Was die Grundbesitzerhaftpflicht abdeckt
Die Grundbesitzerhaftpflicht steht für die deliktische Haftung nach Paragraf 823 BGB ein. Sie greift, wenn jemand auf deinem Grundstück verletzt wird oder einen Sachschaden erleidet und du als Eigentümer haftbar gemacht wirst. Paragraf 836 BGB regelt zusätzlich den klassischen Fall: Wenn sich ein Bauteil deines Gebaeudes ablöst, etwa eine Dachpfanne oder ein Schornsteinaufsatz, und damit Menschen oder fremde Sachen schaedigt, gilt eine Vermutung gegen den Grundstuecksbesitzer.

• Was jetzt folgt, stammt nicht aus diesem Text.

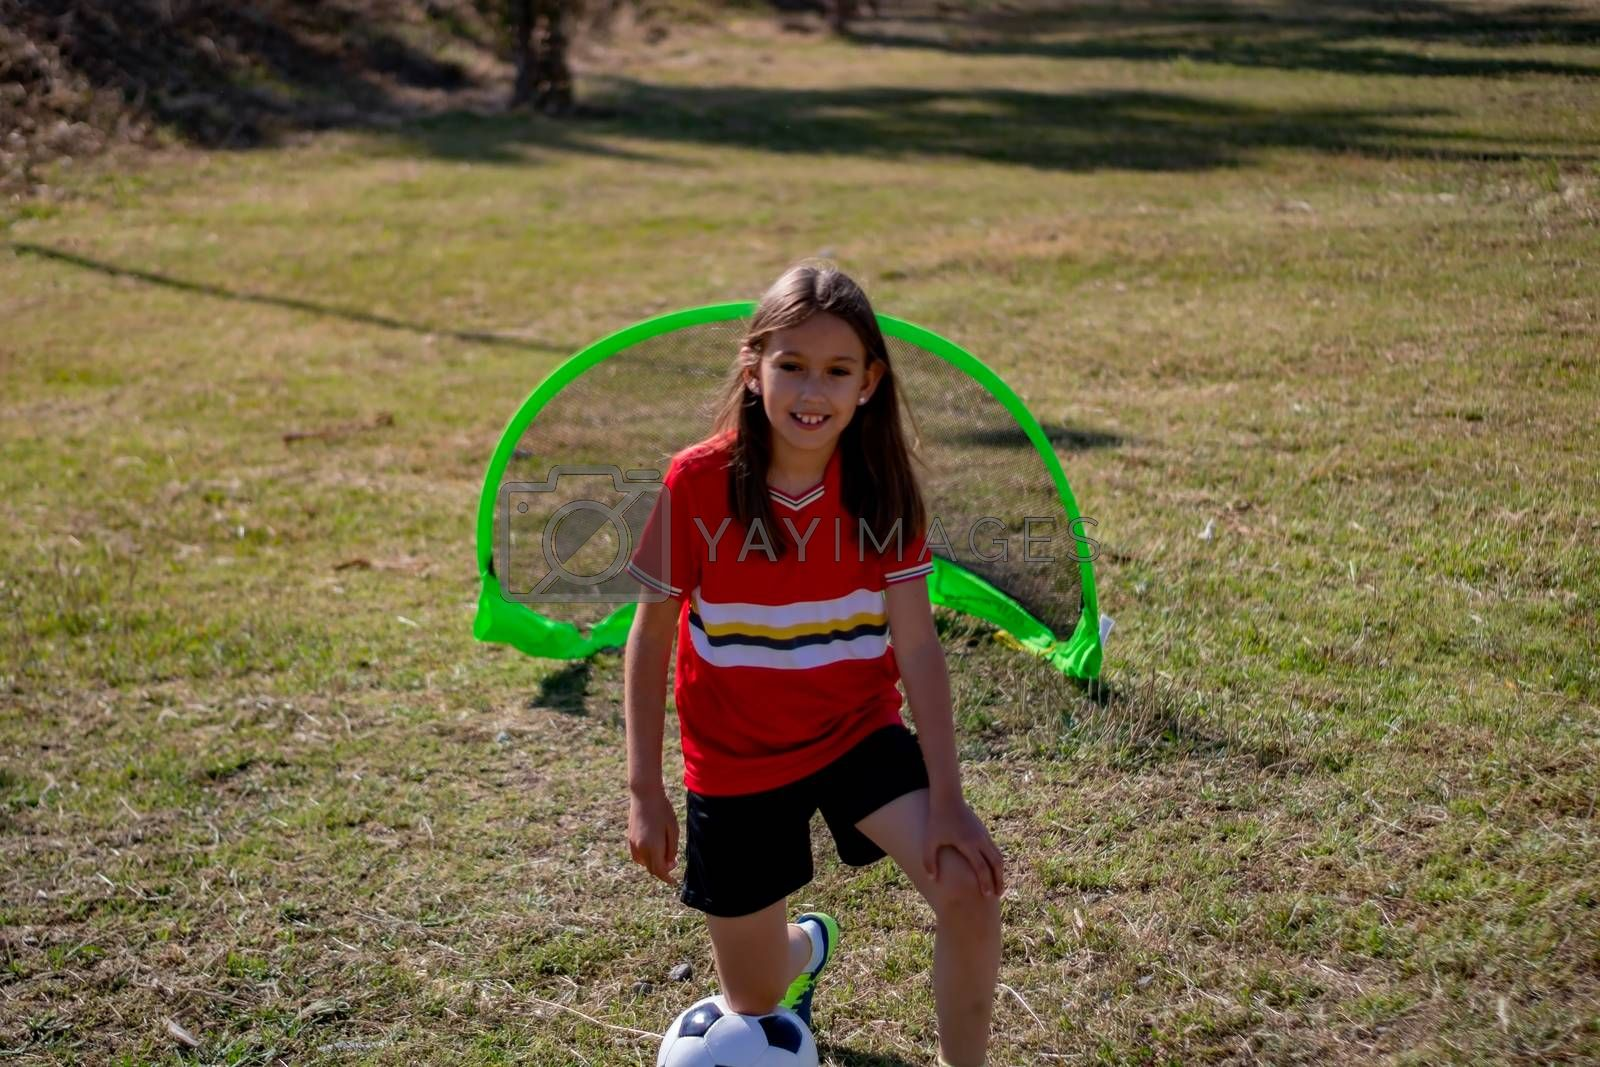 Little girl playing soccer on grassy esplanade

Du musst nachweisen, dass du den Schaden nicht verschuldet hast.
Typische Schadensbilder, die der Vertrag abdeckt:
- Vereister Buergersteig vor deinem Mietshaus, Passant rutscht aus und bricht sich das Handgelenk.
- Morscher Ast aus deinem Garten fällt auf das geparkte Nachbarauto.

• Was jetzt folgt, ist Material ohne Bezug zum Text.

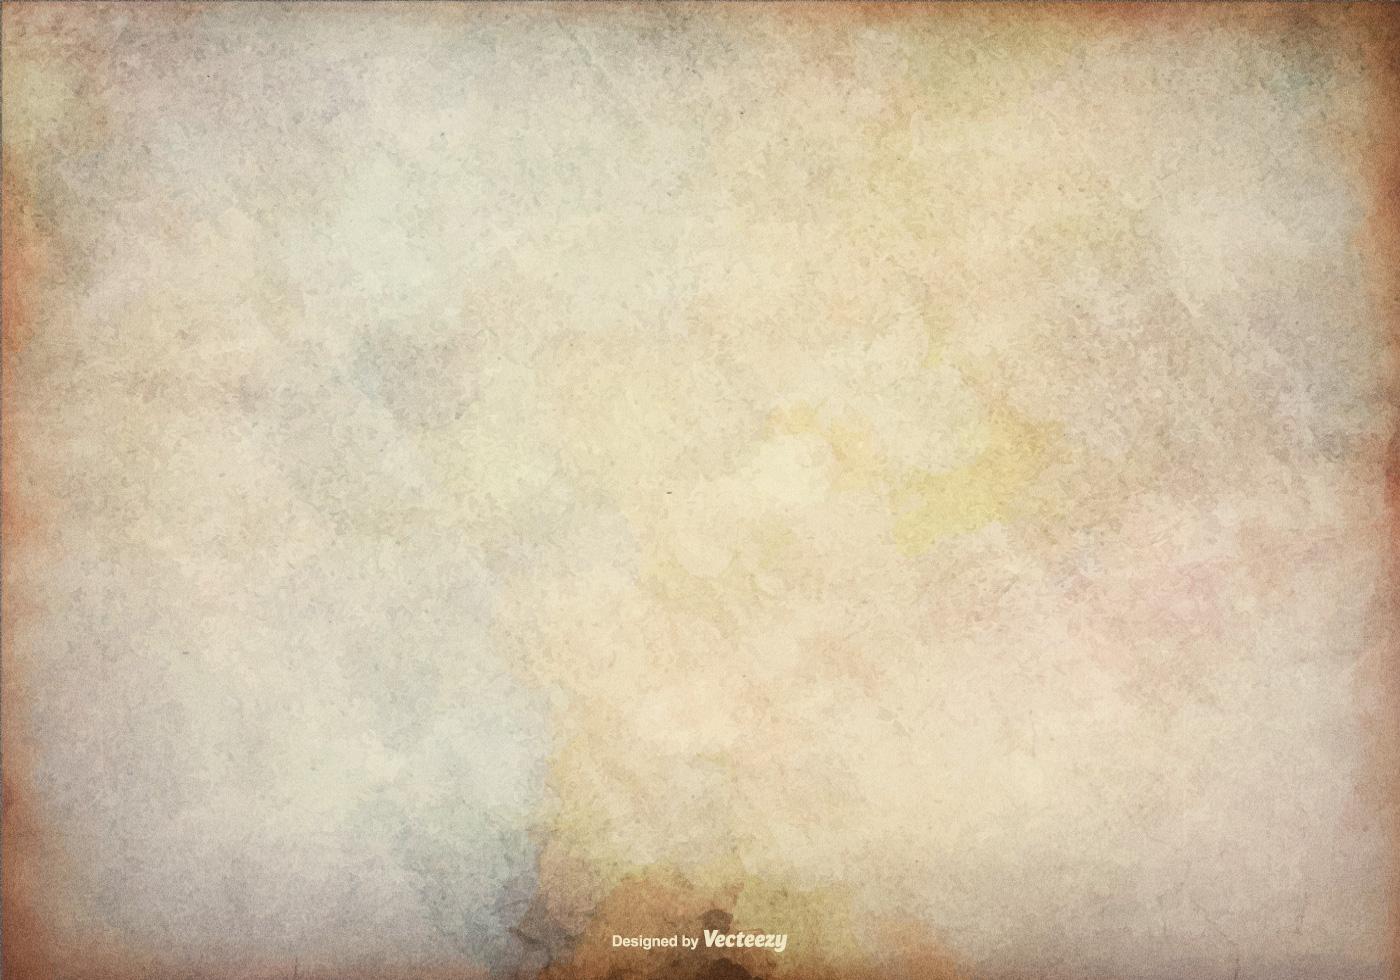 Vector Grunge Background Texture Download Free Vector

- Ein lockerer Treppenhandlauf gibt nach, ein Besucher stürzt.
- Wasser aus einem defekten Hofablauf läuft in die Tiefgarage des Nachbargrundstuecks.
Nicht abgedeckt sind in der Regel: Schäden am eigenen Gebäude (dafür ist die Wohngebäudeversicherung zuständig), Folgen grob fahrlaessigen Verhaltens (Paragraf 81 VVG kann die Leistung kürzen) und vorsaetzliche Pflichtverletzungen.
Wer braucht die Grundbesitzerhaftpflicht?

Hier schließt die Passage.